Removing the work test

This is actually a significant change. Individuals aged 67 to 74 years will be able to make non-concessional super contributions, or salary sacrifice super contributions without meeting the work test.

However, in order to make personal deductible contributions, you will still need to meet the work test.

Downsizer contributions

The charges announced in the Budget from that article include reducing the eligibility age for 65 to 60 years of age. This scheme allows a one-off contribution of $300,000 per person from the proceeds of the sale of their home.

To learn more about downsizer contributions and how it can work for you check out my blog here.

SMSF residency restrictions

From 1 July 2022, the Government will extend the central control test from 2 years to 5 years and remove the active member test.

Super guarantee threshold

The $450 per month minimum income threshold under which employers are not required to make a super contribution for employees will be removed 1 July 2022.

First Home Buyer Scheme (FHBS)

From 1 July 2022, the Government will increase the amount of voluntary contributions to $50,000 which may be released for the purchase of a first home.

Family Support

Family Home Guarantee

The Government has introduced the Family Home Guarantee to support single parents with dependants buying a home. This is regardless of whether they are a first home buyer or a previous owner-occupier. From 1 July 2021, 10,000 guarantees will be made available over four years to eligible single parents with a deposit of as little as 2%, subject to an individual’s ability to service a loan.

The Government is also providing a further 10,000 places under the New Home Guarantee in 2021/22. This is specifically for first home buyers seeking to build a new home or purchase a newly built home with a deposit of as little as 5%.

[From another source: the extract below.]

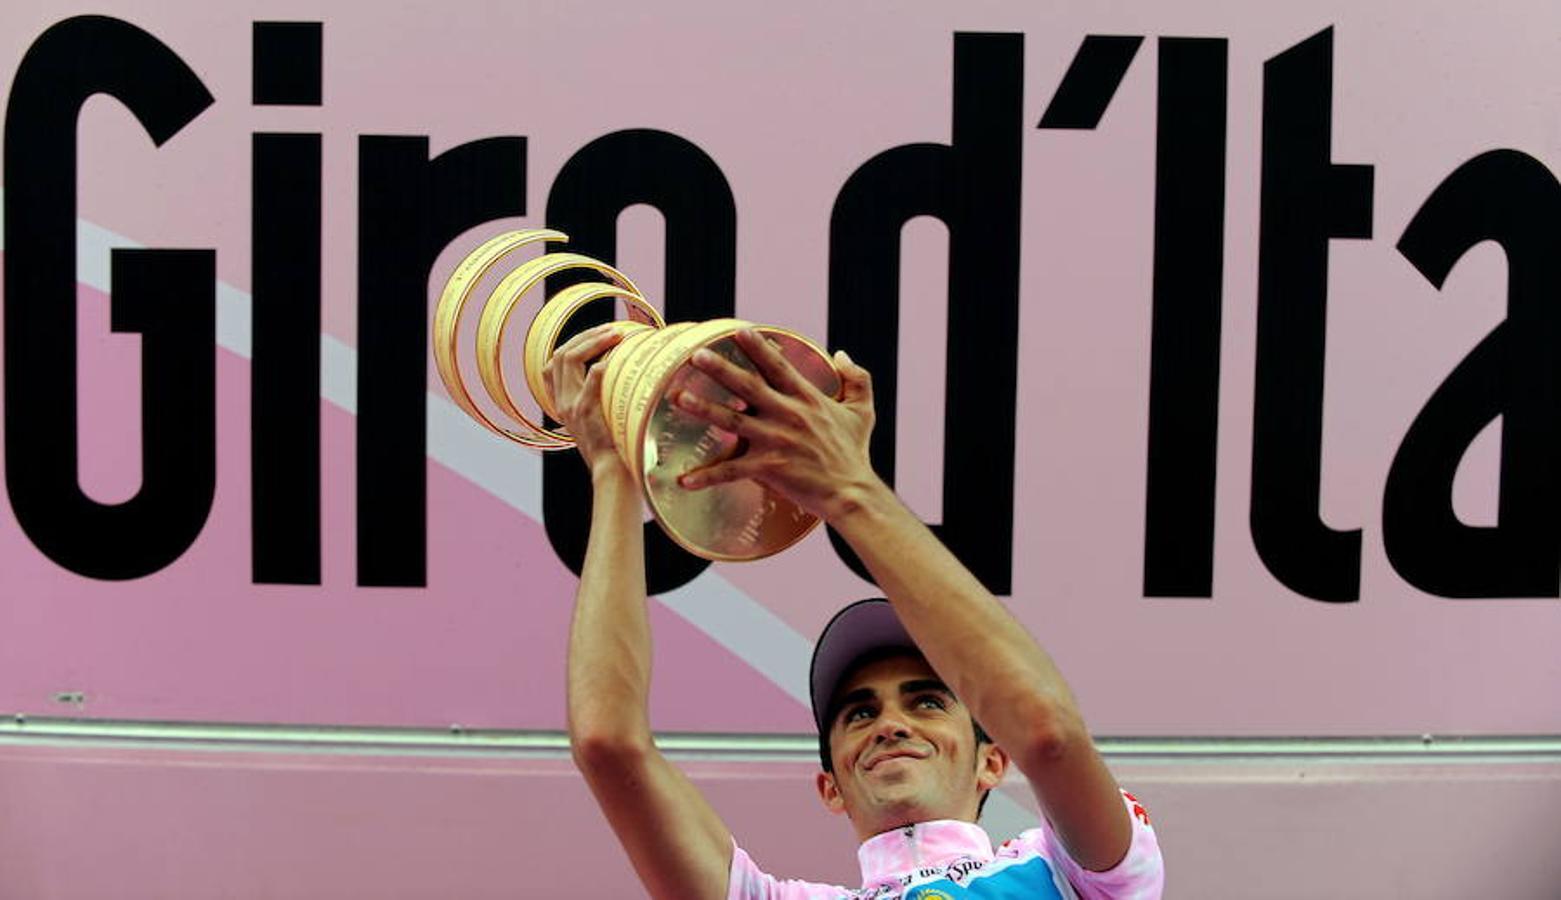 El corredor de Pinto levantando el trofeo que le consagra como ganador del 'Giro de Italia 2008'

Increasing childcare subsidy (CCS)

To ease the cost of childcare and encourage a return to the workforce, from 1 July 2022 the Government proposes to provide a higher level of CCS to families with more than one child under age 6 in childcare. The level of subsidy will increase by an extra 30% to a maximum subsidy of 95% for the second and subsequent children. For example, currently a family may receive a 50% subsidy on childcare costs for each child if family income is between $174,390 and $253,680. Under the proposal, the family would receive a CCS of 50% of costs for their first child and 80% for their second and subsequent children. The annual CCS cap of $10,560 for families earning between $189,390 and $353,660 will also be removed.

Social Security

Pension Loan Scheme

The Government has announced added flexibility by allowing up to two lump sum advances in any 12 month period up to 50% of the annual pension.

The Government will also not claim back any more than the sale price of the house used to guarantee the payment.

Aged Care

The Government has announced a $17.7b investment in aged care reform over the next 5 years which will cover:

  • Additional Home Care Packages
  • Greater access to respite care services
  • A new funding model for residential aged care
  • A new Refundable Accommodation Deposit (RAD) support loan program.

Business Support

COVID Package

The Government will extend until 30 June 2023 the instant write-off of depreciable assets as well as the ability for qualifying companies to claim back tax paid in prior years from 2018-2019 where tax losses occur until the end of the 2022-2023 financial year.